Exercise details: Quote all of the data that follows exactly as written, skipping the images.

** Opening Exercise data block **

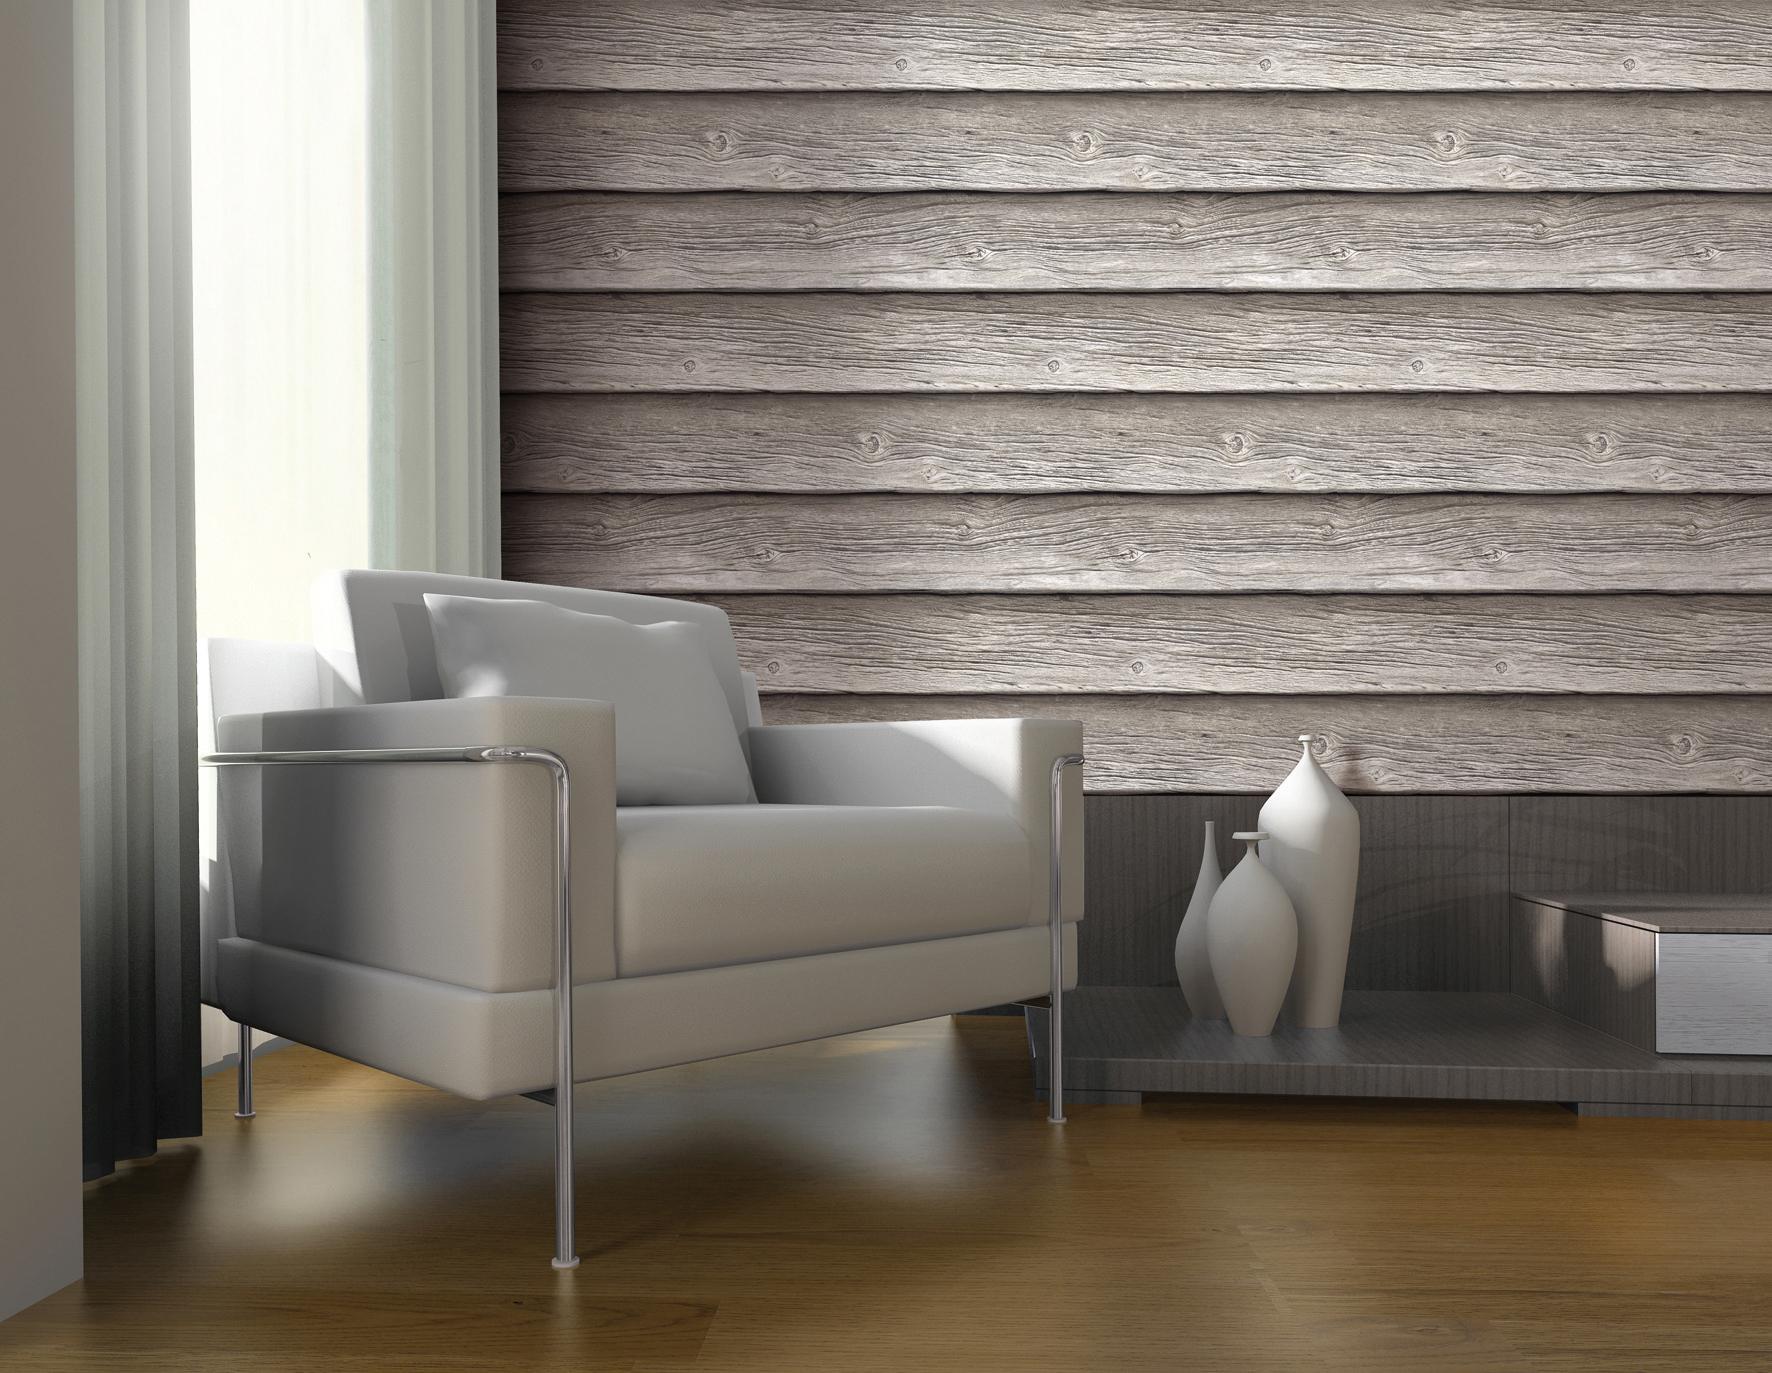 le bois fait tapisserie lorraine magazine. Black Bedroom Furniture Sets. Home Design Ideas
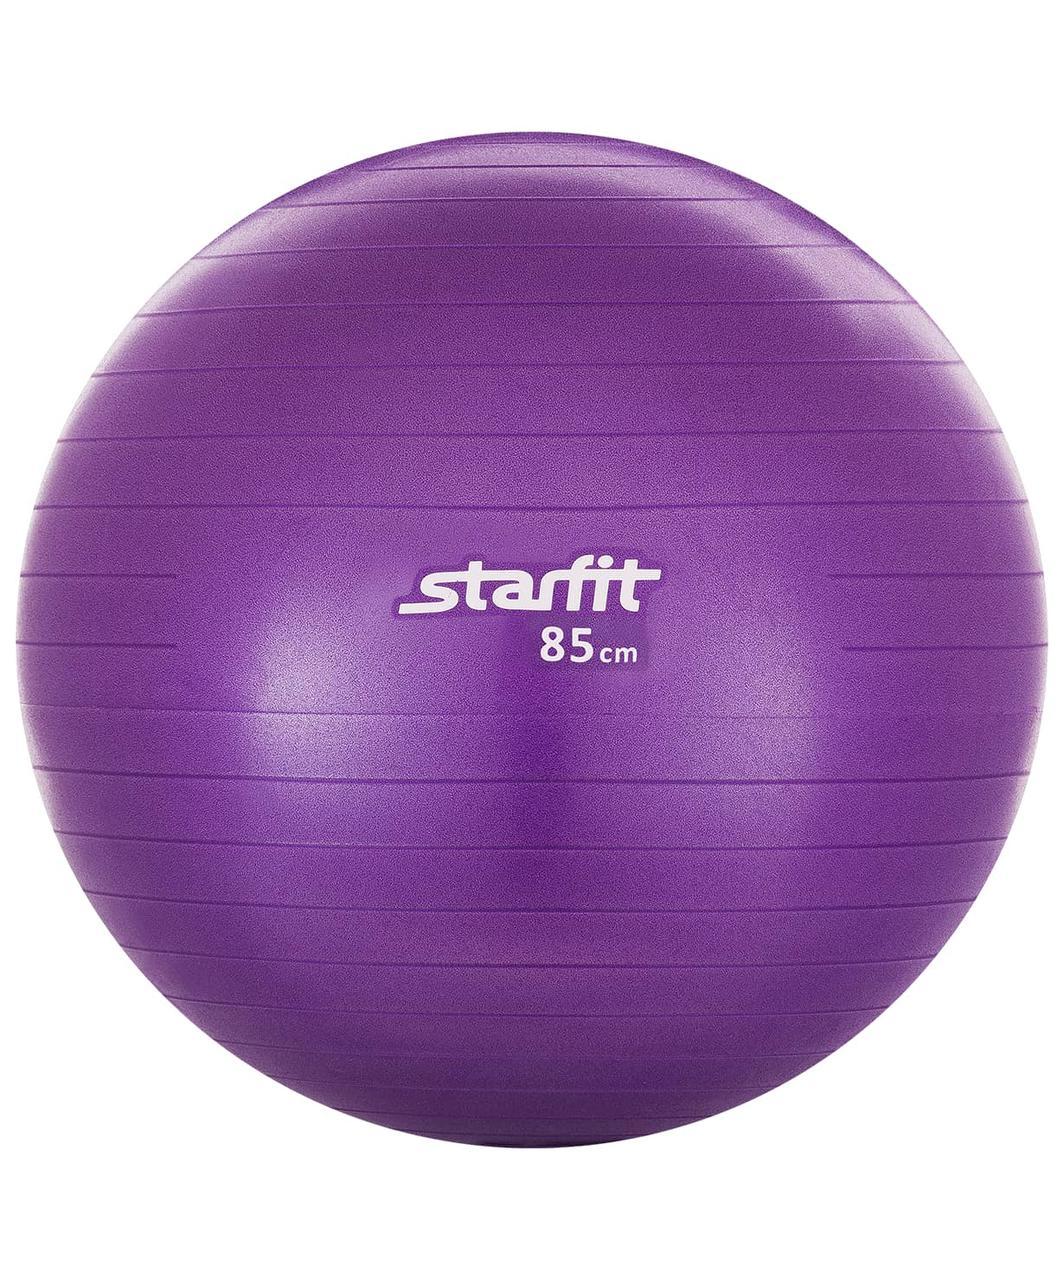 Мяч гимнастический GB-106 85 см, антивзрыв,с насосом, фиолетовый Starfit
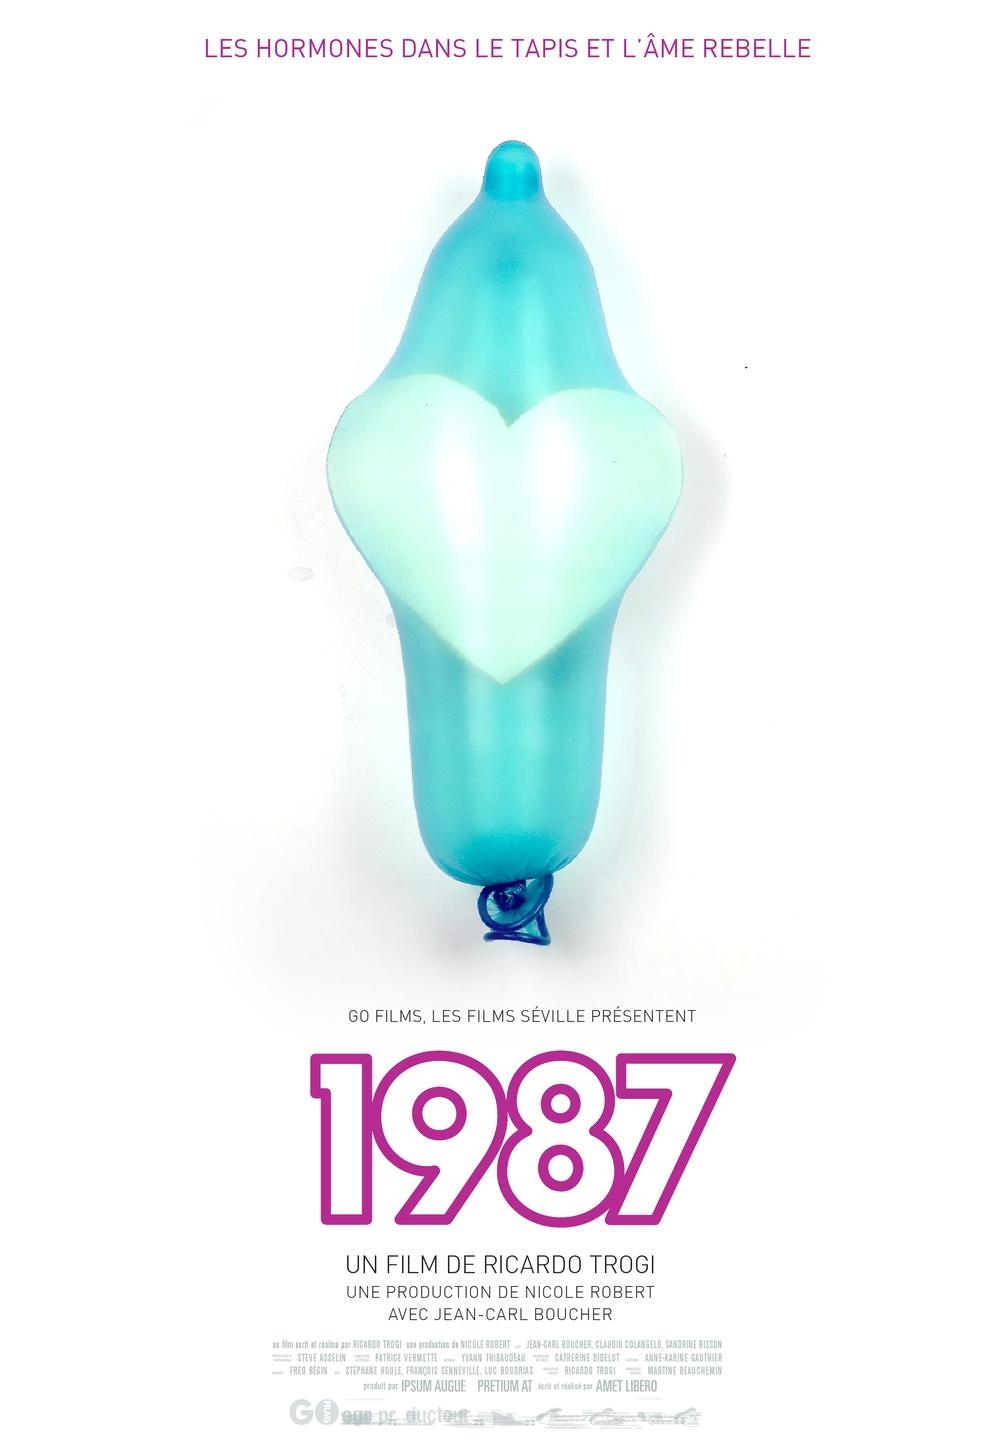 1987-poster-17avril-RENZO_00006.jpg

** Closing Exercise data block **

Answer:
 le bois fait tapisserie lorraine magazine. Black Bedroom Furniture Sets. Home Design Ideas
 Мяч гимнастический GB-106 85 см, антивзрыв,с насосом, фиолетовый Starfit
 1987-poster-17avril-RENZO_00006.jpg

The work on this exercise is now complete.